DATA PROVIDED:

::::::::::

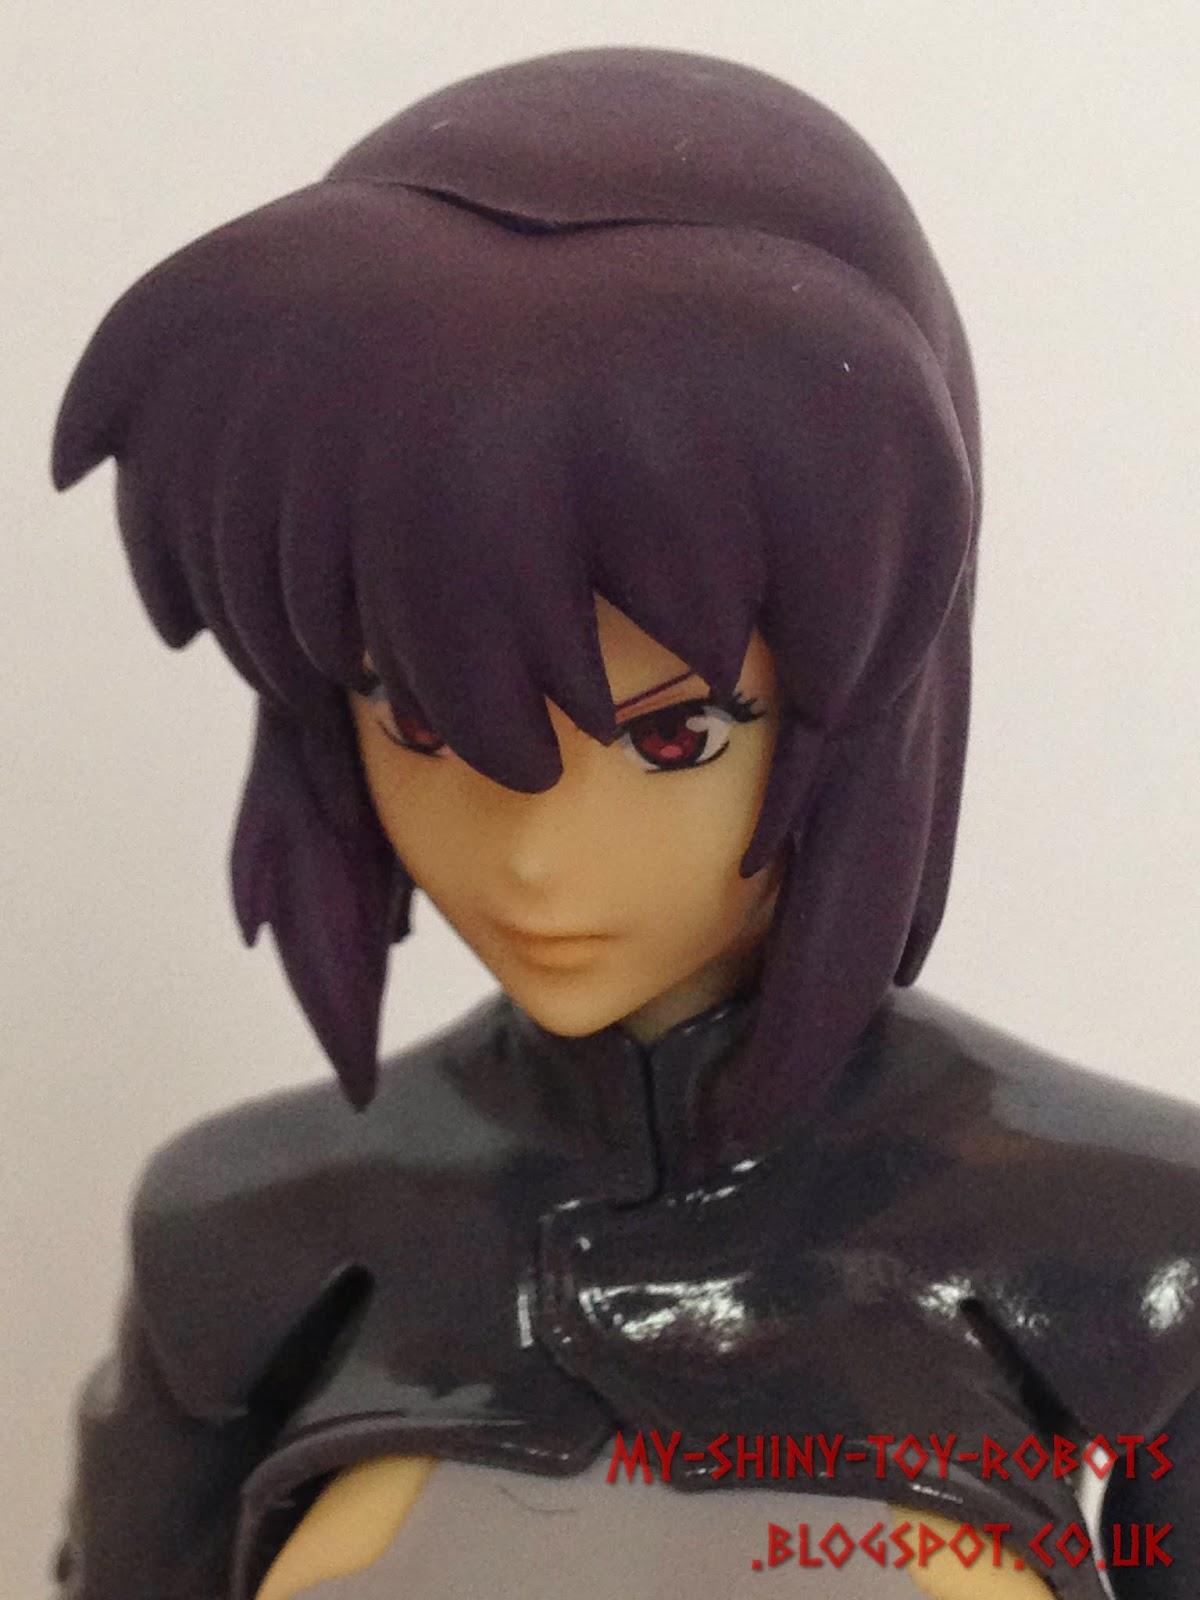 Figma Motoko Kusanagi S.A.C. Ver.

::::::::::

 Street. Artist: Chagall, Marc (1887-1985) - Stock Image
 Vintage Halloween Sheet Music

::::::::::

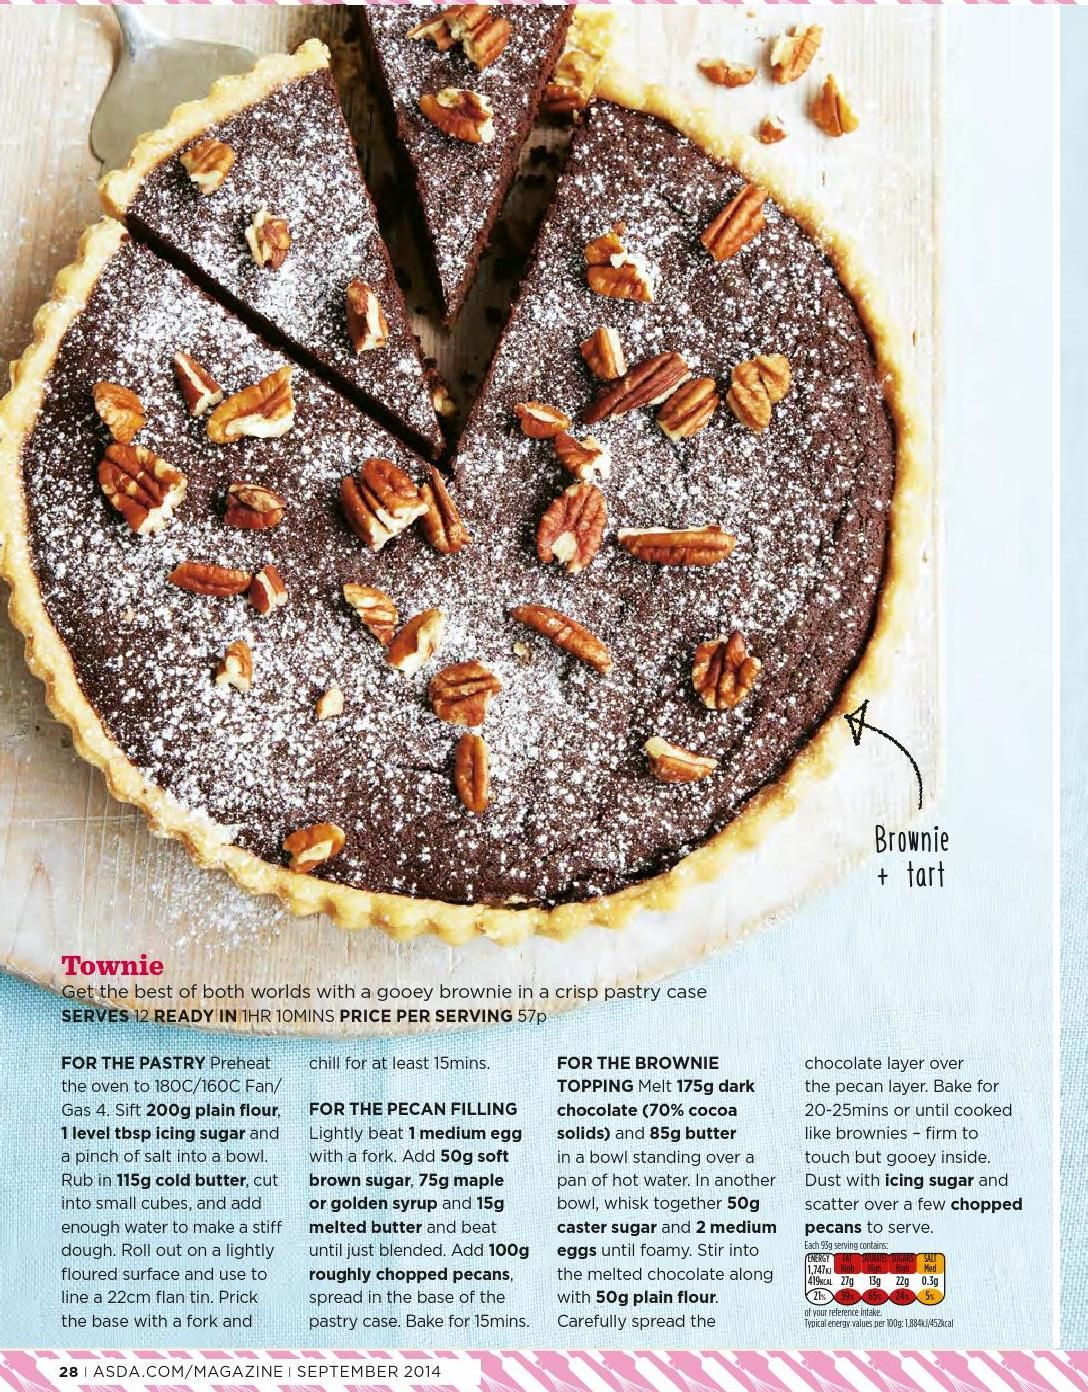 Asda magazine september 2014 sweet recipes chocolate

::::::::::

WORK TO BE COMPLETED: Give back exactly the lines above starting at the line where "Street. Artist: Chagall, Marc" appears and ending at the line where "Vintage Halloween Sheet Music" appears, both included, with no other lines.

EXERCISE SOLUTION:
 Street. Artist: Chagall, Marc (1887-1985) - Stock Image
 Vintage Halloween Sheet Music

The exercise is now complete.